A dedicated method would improve discoverability, but you can do:
let map: BTreeMap<K, V> = ...;
let min = map.iter().next();
let max = map.iter().next_back();
and the same for BTreeSet.
Hm, I haven't known about next_back. What I'm interested however is algorithmic complexity of these -- would this be O(log_2 n) (with all the caveats of using B-tree) or something different?
BTW, I don't see a mention in the documentation that iter() walks items in proper order. It would be nice to add it there, I think.
Some thoughts on the matter: if iter() does walk items in order, then we should get min with proper complexity automatically if I understand correctly.
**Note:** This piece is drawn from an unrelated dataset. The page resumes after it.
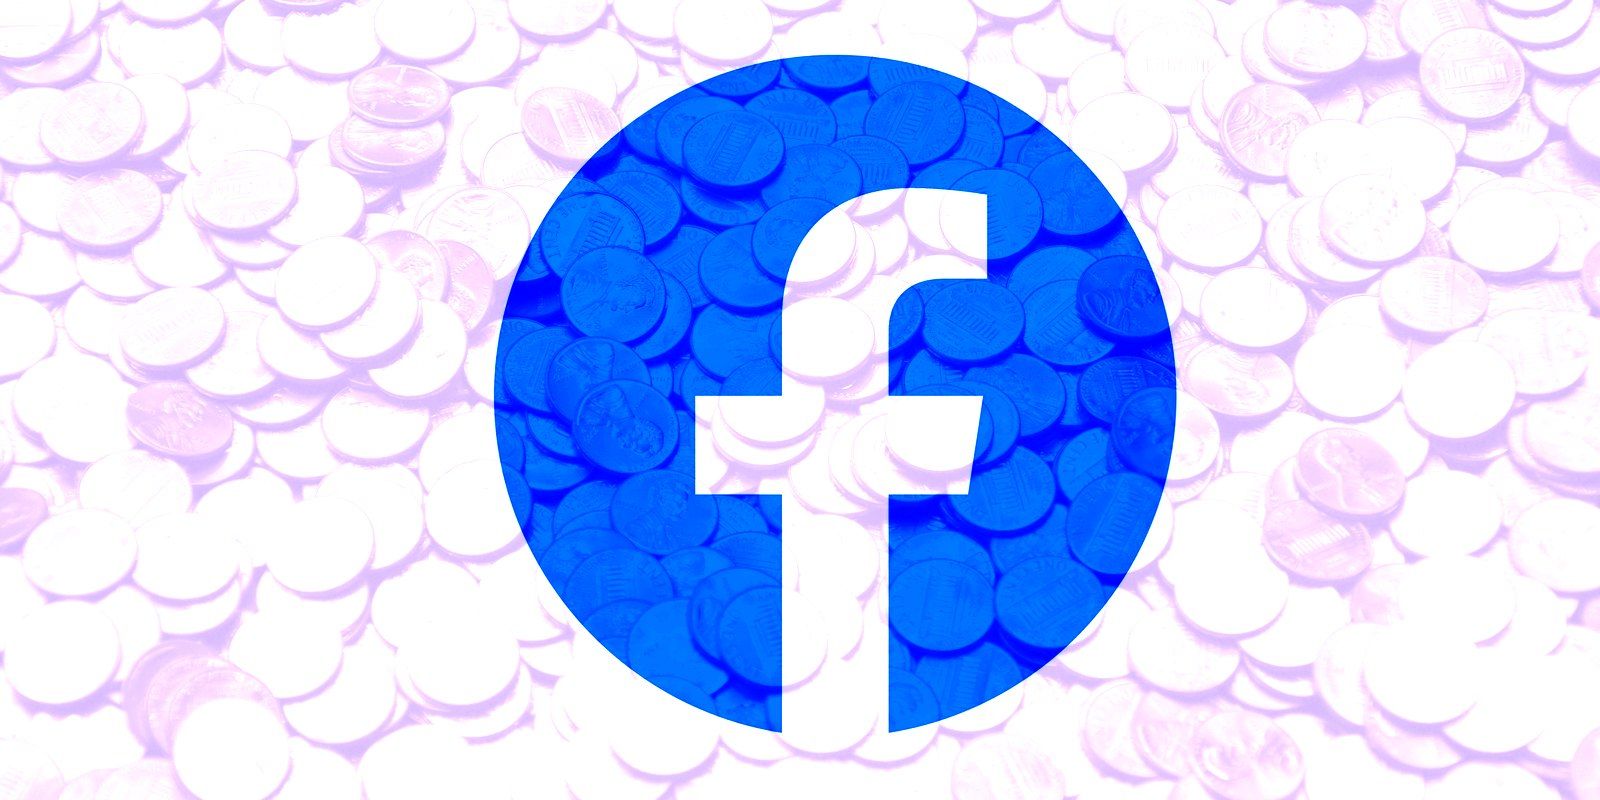 Facebook crypto coin plans going bust.

So this leaves a question of whether next_back() does the right thing there.
It does do the right thing.
Thanks! I guess this is purely a documentation issue then. What about changing iter() documentation to something like:
Gets an iterator over the BTreeMap's contents, ordered ascending by its keys. Complexity of first call to next() or next_back() of the resulting iterator is the same as for elements lookup.
(Sorry for possibly bad language, I'm bad at writing documentation)
Closing this in favor of a new range RFC.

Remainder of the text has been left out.